Britain: Factory occupation a fight for jobs and planet

July 25, 2009
Issue 

Workers at Britain's only wind turbine factory, on the Isle of Wight, launched an indefinite occupation on July 20 to protest its pending closure and the loss of more than 600 green jobs.

Danish company Vestas Windsystems owns the factory. The company announced the factory closure despite posting a 70% rise in profits for the first quarter of 2009.

Around 30 workers are taking part in the occupation. They are demanding the British government nationalise the plant.

A statement on the factory occupation website, , said "the [British] government has just announced a major expansion of renewable energy including wind power".

The closure of the Vestas wind turbine factory "makes no sense from a green or a labour perspective", the workers said.
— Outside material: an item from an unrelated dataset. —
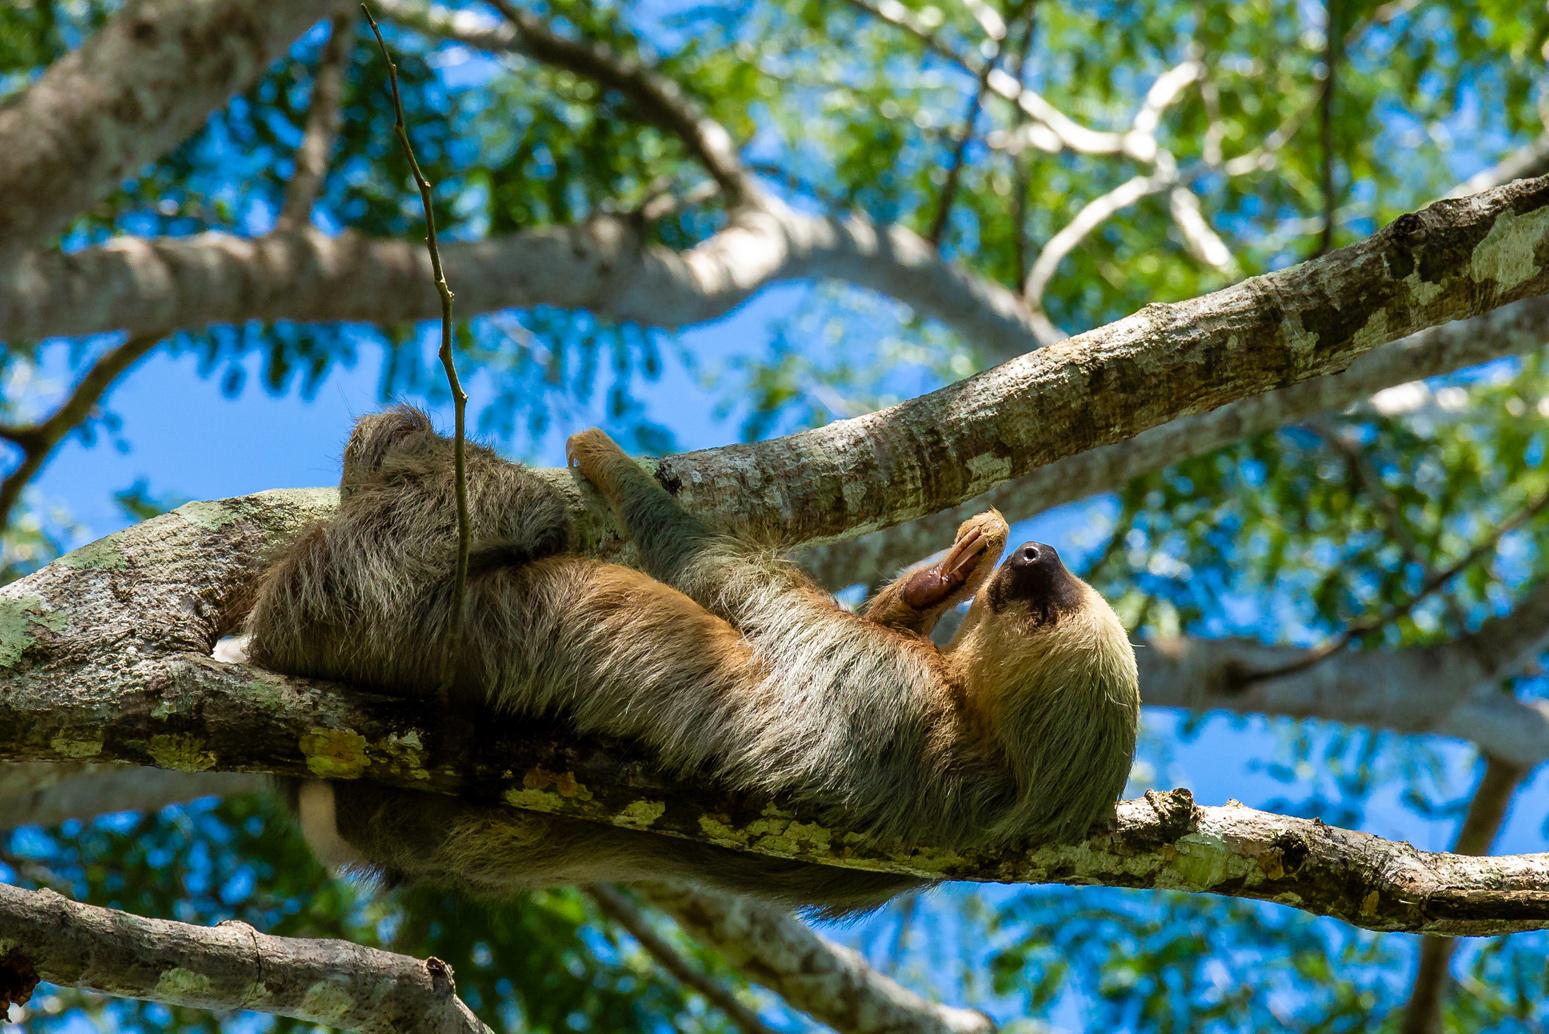 Two toed sloth - Osa Peninsula

The workers called on Vestas "to keep the factories open, saving jobs and offering those who want to leave a better redundancy deal".

If Vestas refuses, then they call "on the government to intervene to save jobs at Vestas — through nationalisation if that is what it takes — to show that it is serious about saving the planet".

A Vestas worker told British Socialist Worker on July 21: "We've occupied our factory to save our jobs — and to save the planet. Six hundred people work here. That many jobs going will have a devastating effect ...

"We need renewable energy if we're going to stop global warming. When the government says it wants green energy and green jobs, it's criminal that it's closing Vestas ...

"We decided we were going to go for it. People thought, 'It's now or never'. We went in as two teams, from both sides of the factory. All of the doors were locked — apart from the front door!"

In response, Vestas management built a steel fence around the plant and threatened to not allow food into the factory until the workers ended the occupation. Riot police arrested supporters who tried to smuggle food inside.

By July 23, Vestas backed down and food deliveries to the plant resumed.

Vestas has served the occupying workers with papers charging them with aggravated trespass. The company has also said the workers have been officially fired and will not be paid redundancies owed to them.

In an opinion piece in the July 23 British Guardian, British government climate change secretary Ed Miliband said, "there must be a strategy for the Isle of Wight to do all we can to help and there is.

"Not just support for the workers who are losing their jobs, but a strategy to work with Vestas."

However, he has refused to endorse the one strategy — nationalisation — that might hurt the profits of a single greedy company, but would save the wind turbine plant from closure.